あらかじめ処理する量がわかっているときは、random.choices()をおすすめします。
jupyter notebookなら、セルの初めに「%%time」で処理時間が測れます。
偏りのあるサイコロ
本題のいかさまサイコロを作成します。
random.choices()のパラメーターweightsを設定します。
偶数の出目[2, 4, 6]に重みを、1より大きくしてみます。
numpy配列では、[1, 3, 5]なので注意してください。
img = np.zeros([6, 6, 10000])
random.seed(0)
Dice = [0, 1, 2, 3, 4, 5]
for j in range(10000):
dice1 = random.choices(Dice, weights=[1, 1.2, 1, 1.5, 1, 1.3], k=5000)
dice2 = random.choices(Dice, weights=[1, 1.2, 1, 1.5, 1, 1.3], k=5000)
for i in range(5000):
img[dice1[i], dice2[i], j] += 1
print(img[:, :, 0])
plt.imshow(img[:, :, 0], cmap='Greys')
[[104. 116. 100. 164. 101. 133.]
[114. 133. 118. 163. 116. 145.]
[102. 125. 109. 145. 116. 153.]
[150. 199. 152. 236. 177. 175.]
[103. 143. 89. 158. 88. 138.]
[131. 159. 145. 211. 120. 169.]]
これは、視覚的にも偏りがあることがわかります。
統計値とヒストグラムでも確認してみましょう。
結果のみを掲載しますので、コードは前述を確認ください。
count 360000.000000
mean 138.888889
std 33.977592
min 60.000000
25% 113.000000
50% 134.000000
75% 159.000000
max 291.000000
dtype: float64
結果は、平均値(mean)138.888889 ± 標準偏差(std)33.977592
出目のバラツキは大きくなっていますが、平均値は同じです。
すごく出る目(159回以上)が増え、あまり出ない目(113回以下)も増えています。
weightsなしとweightsありのグラフを重ねてみると、違いがよくわかります。
plt.figure()
plt.hist(img_dice, bins=106, alpha=0.3, color='r') # weightsなし
plt.hist(img_dice_weights, bins=231, alpha=0.3, color='b') # weightsあり
plt.show()
weightsなしが赤。

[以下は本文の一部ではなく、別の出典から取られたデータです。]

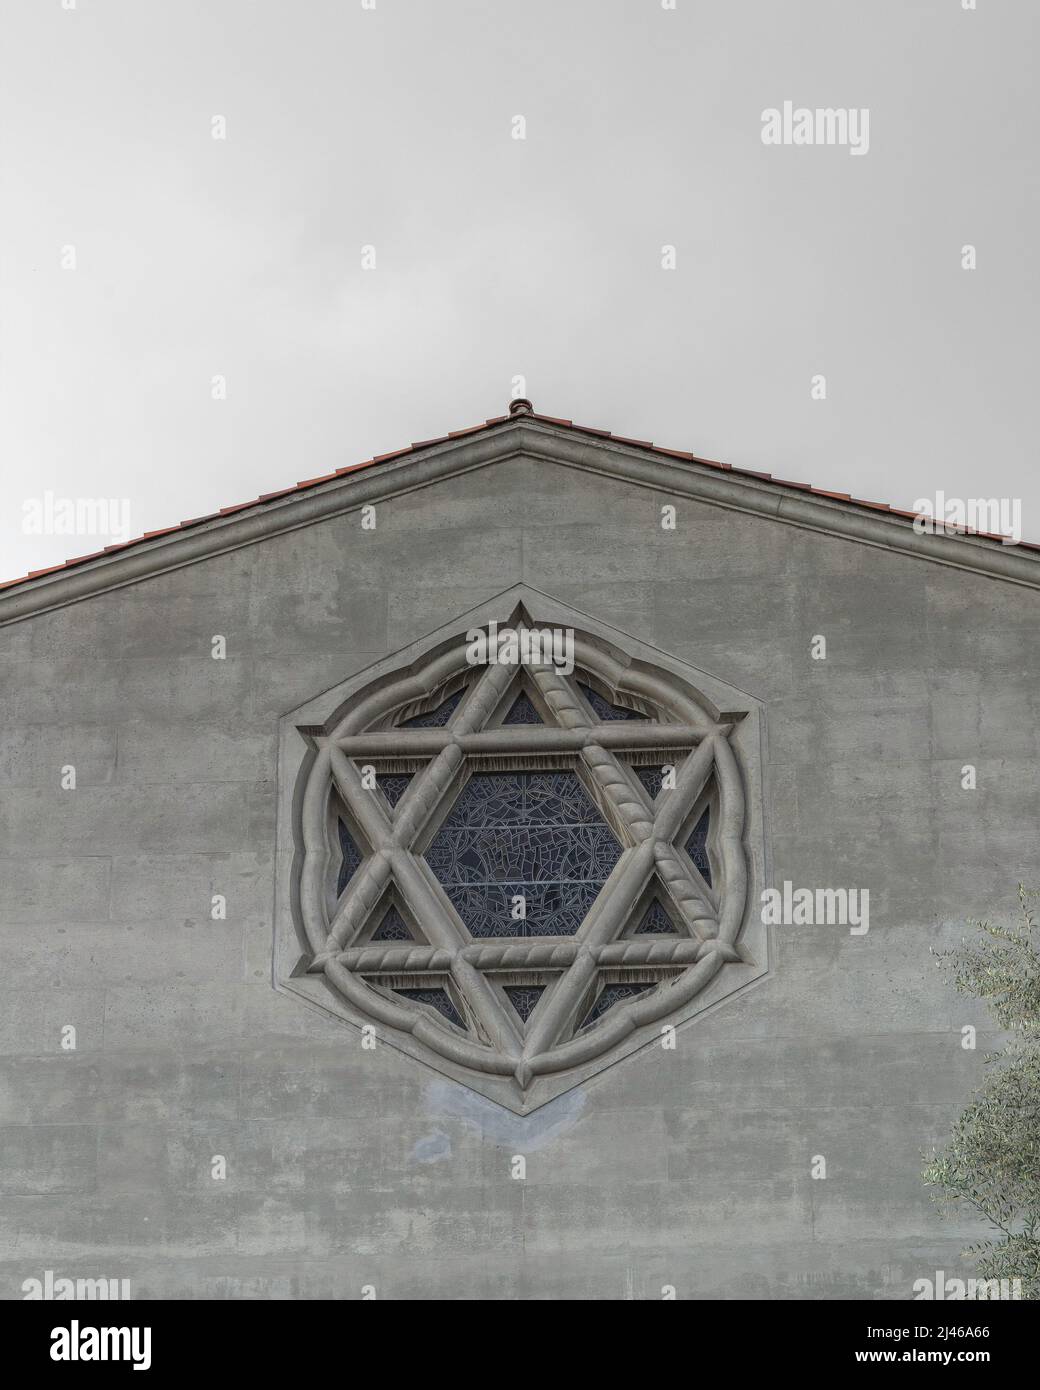 Cerca de la Estrella de David en una Sinagoga. Foto de stock

weightsありが青。
平均値は同じですが、バラツキの大きさがまったく違っています。
グラフを使った視覚化は効果的ですが、作り方次第でまったく違う印象を与えることになります。
また、実は平均値は使用する乱数の数によって決定しています。
均等な出目であれば1マスに139回×36マスですが、どんなに出目が偏っていても、各マスの合計は同じ5000回なので、平均値は139回になります。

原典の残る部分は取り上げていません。